» **Information supplied**:

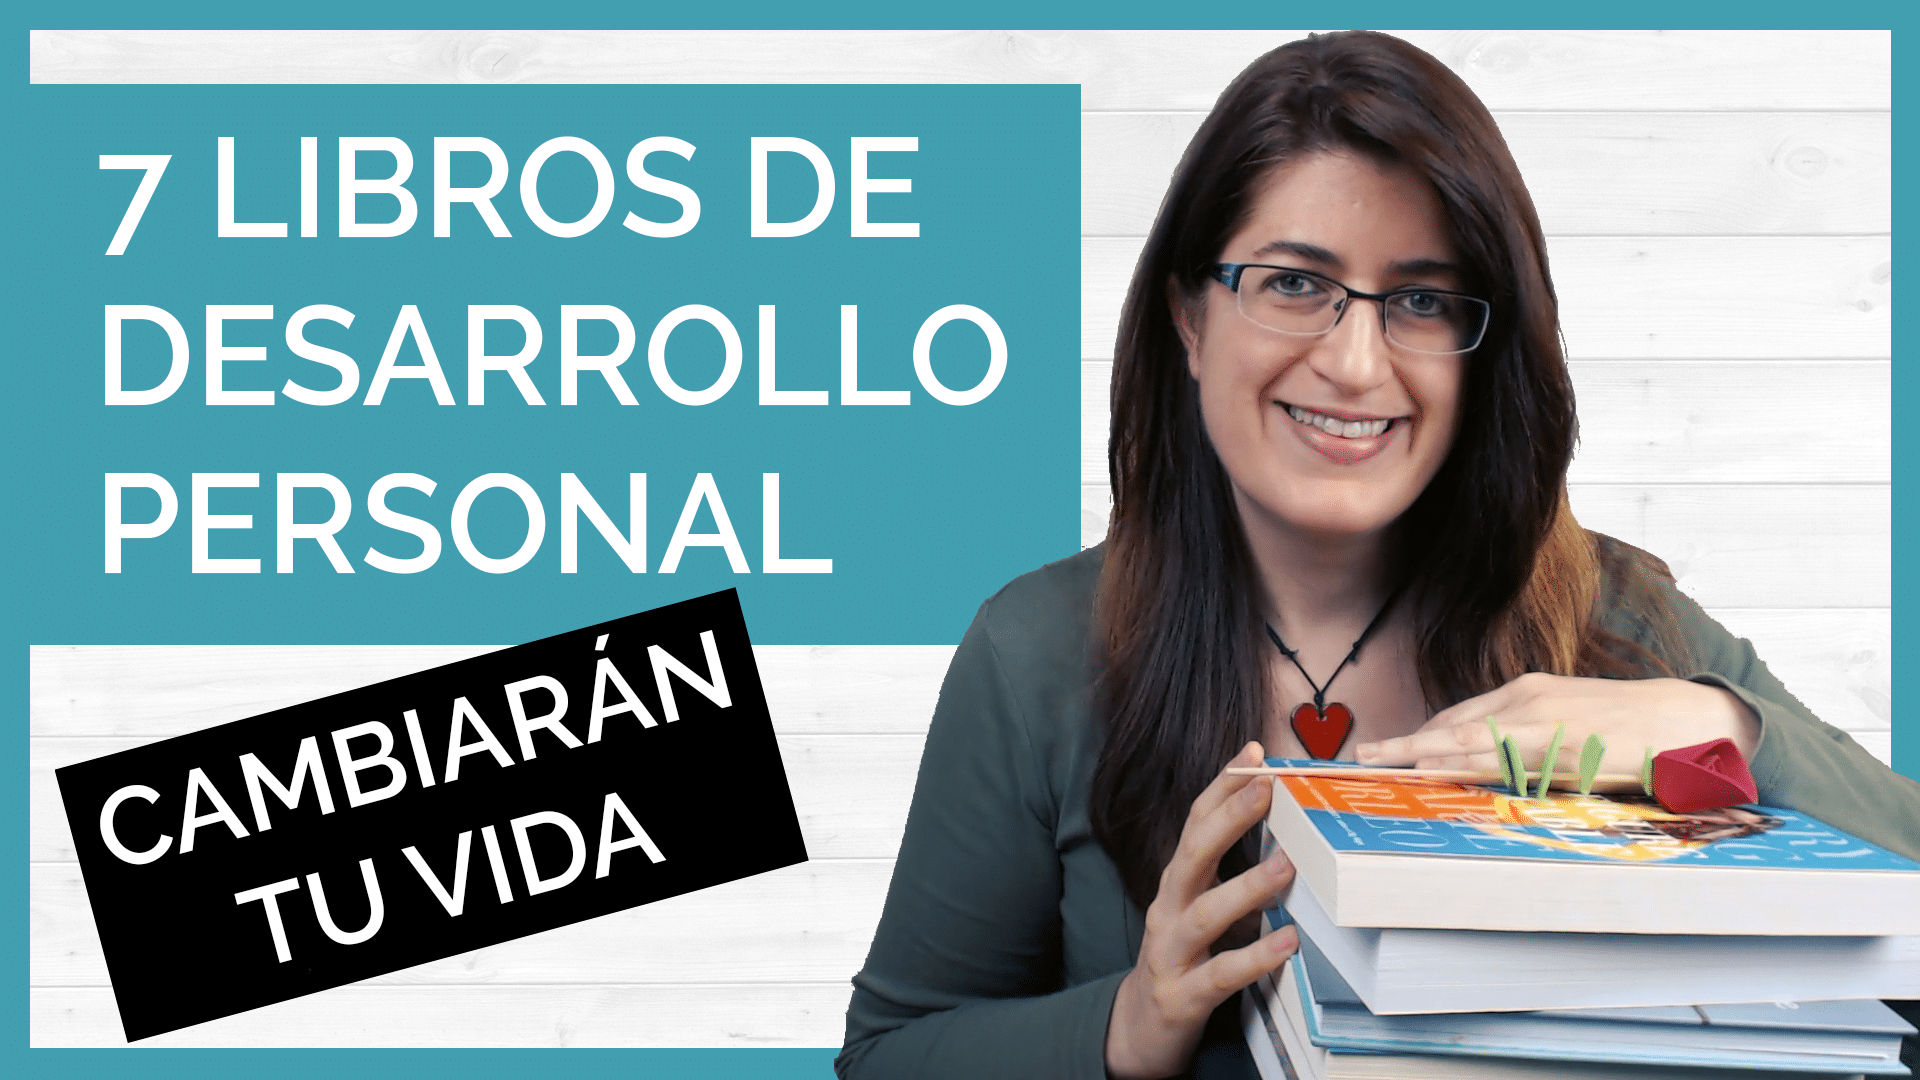 7 libros de desarrollo personal que cambiarán tu vida
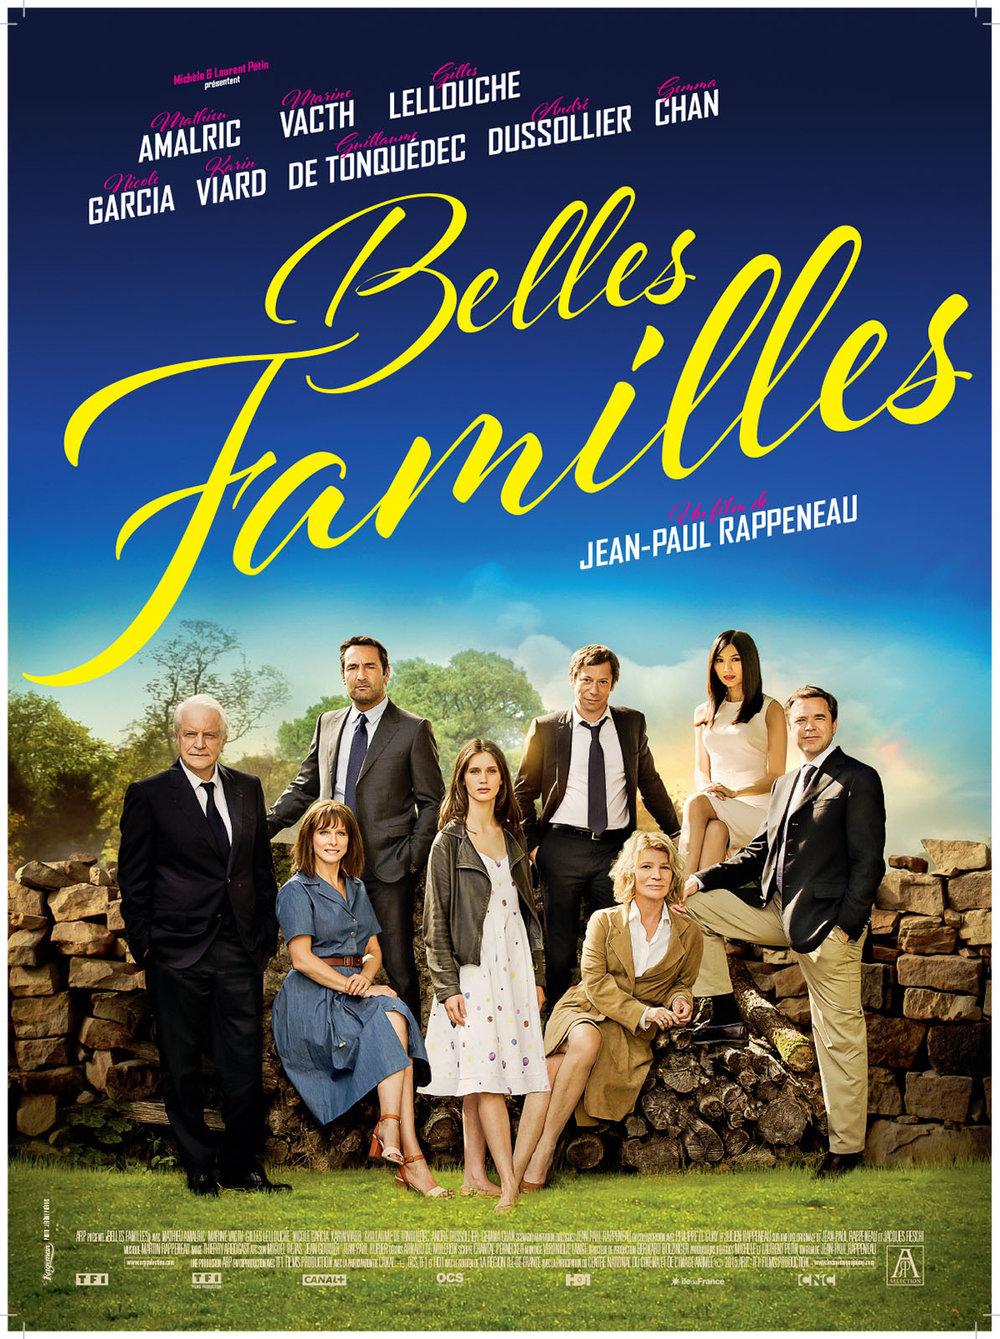 Belles familles.jpg
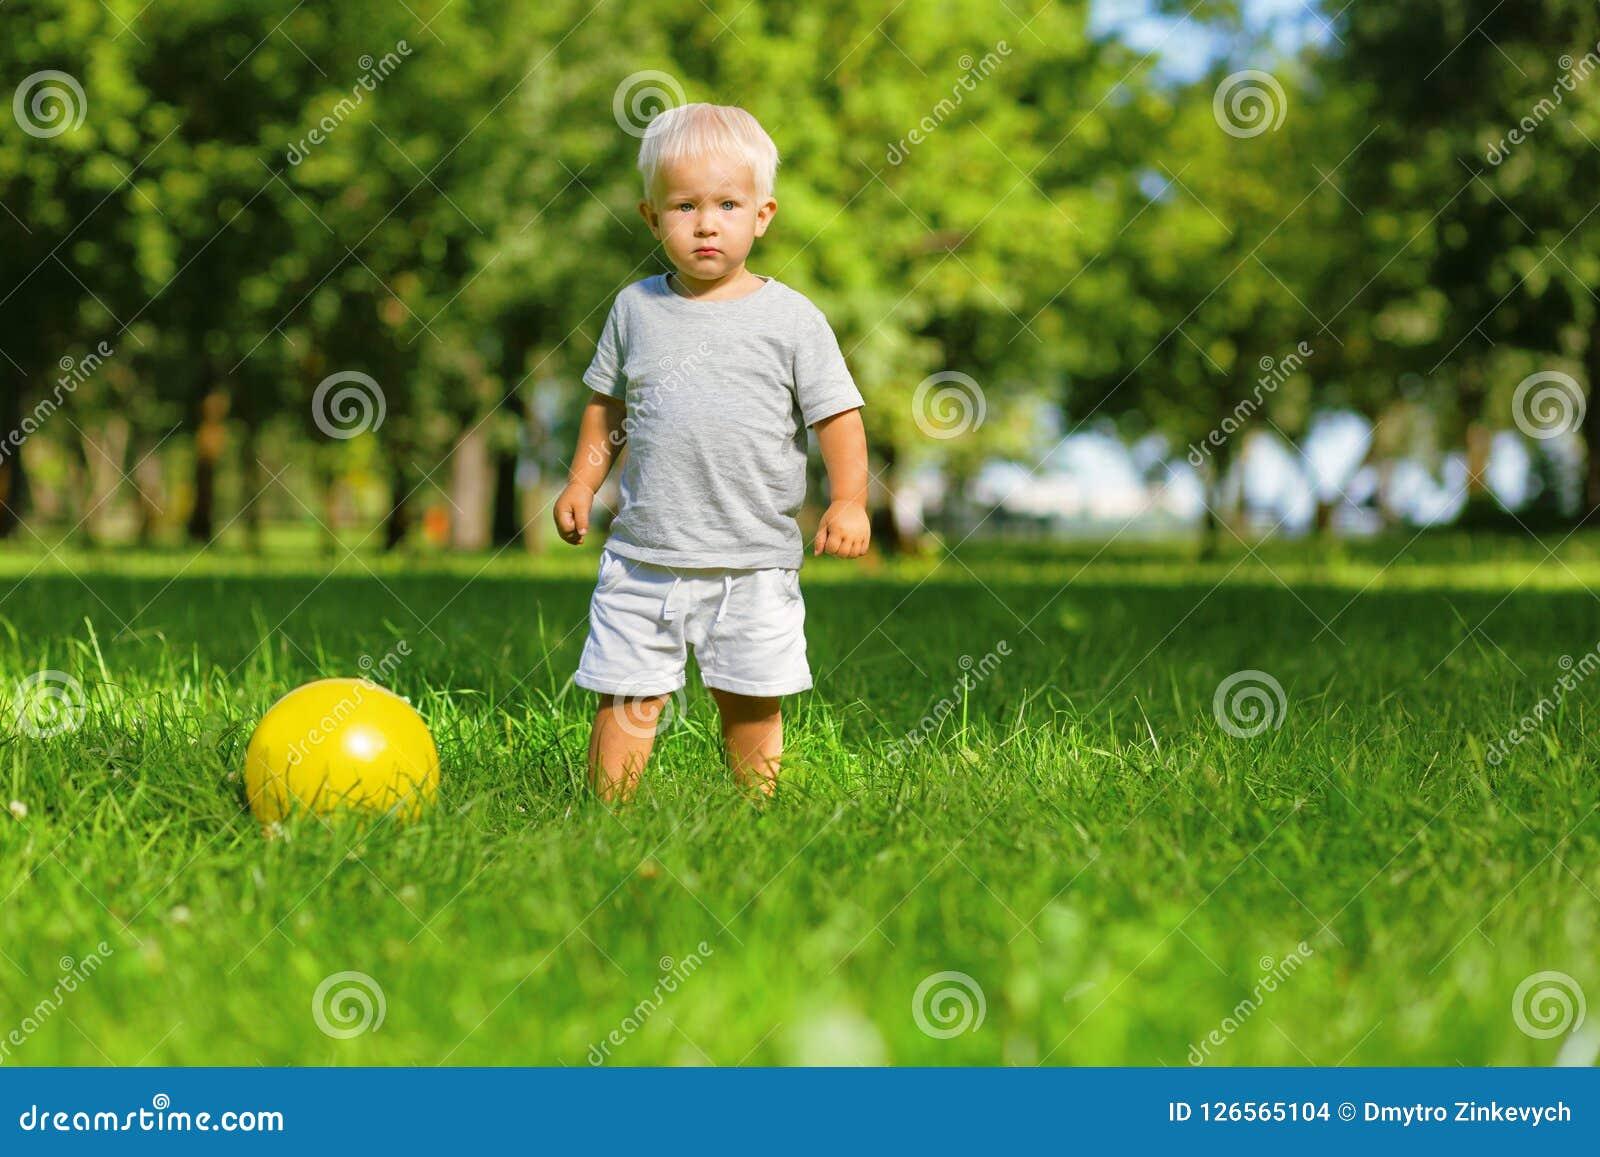 Enfant calme jouant avec la boule dehors
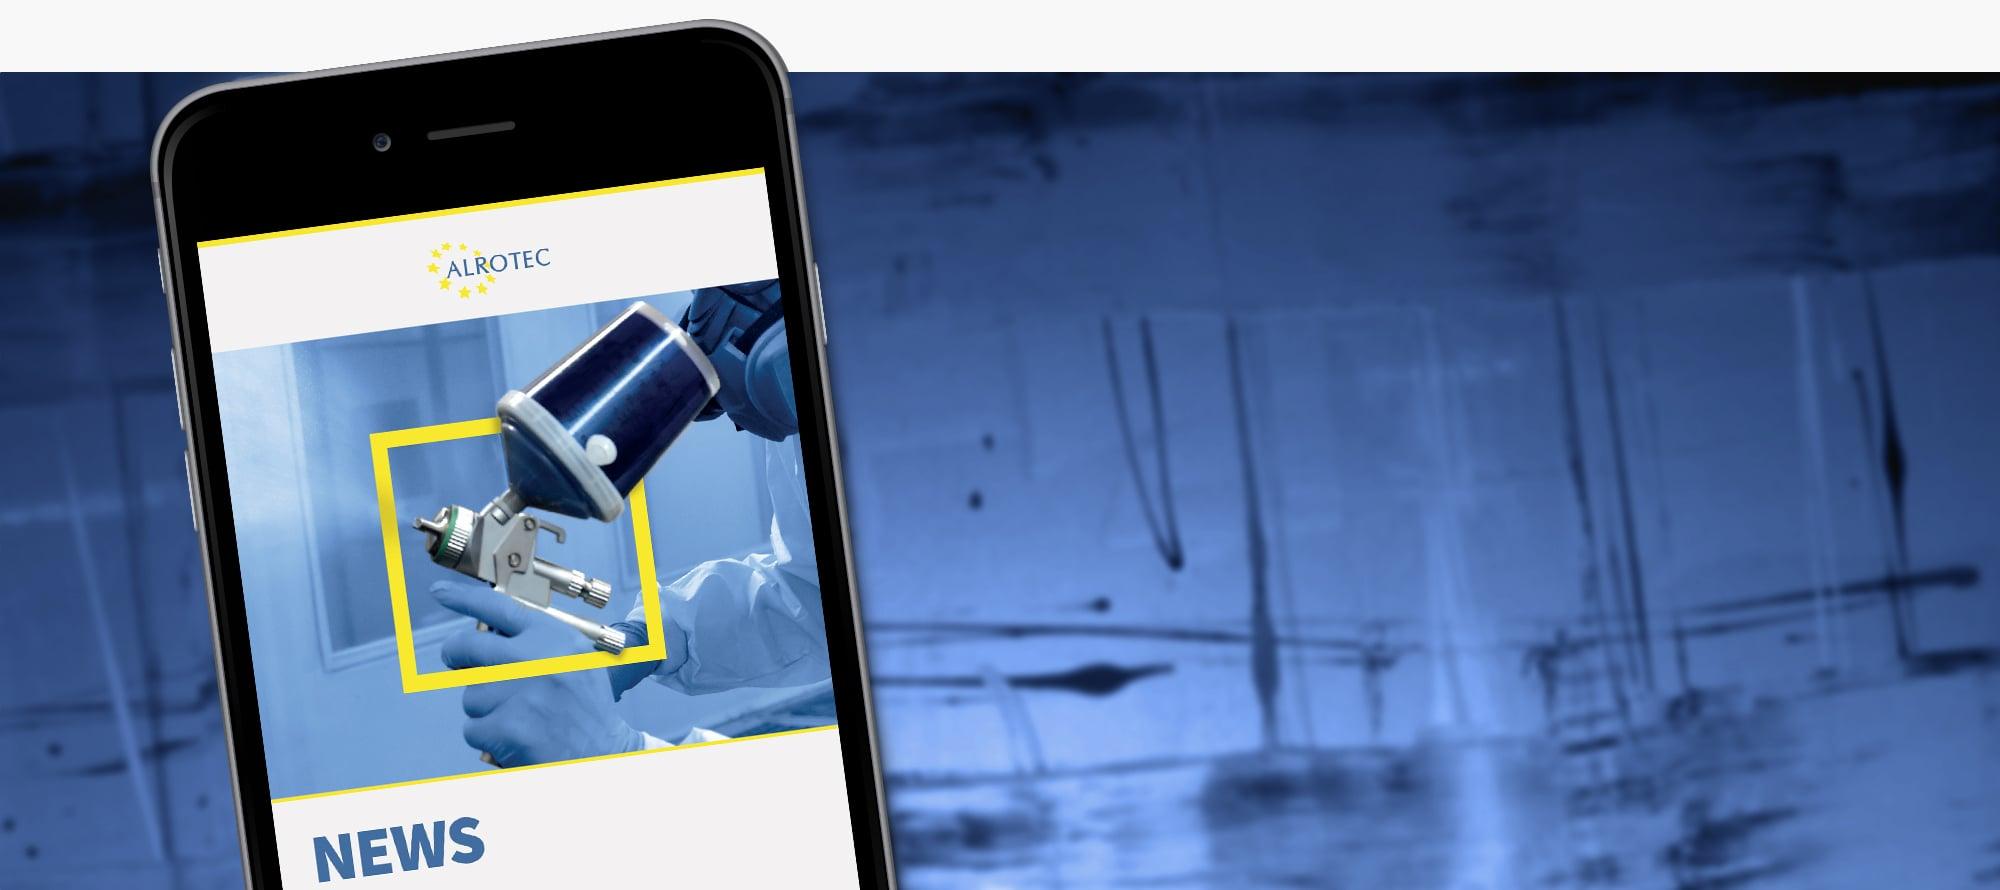 ALROTEC-News auf einem Smartphone

» **Activity**:
Exclude the pictures and print the rest of the data exactly.

» **Exercise result**:
 7 libros de desarrollo personal que cambiarán tu vida
 Belles familles.jpg
 Enfant calme jouant avec la boule dehors
 ALROTEC-News auf einem Smartphone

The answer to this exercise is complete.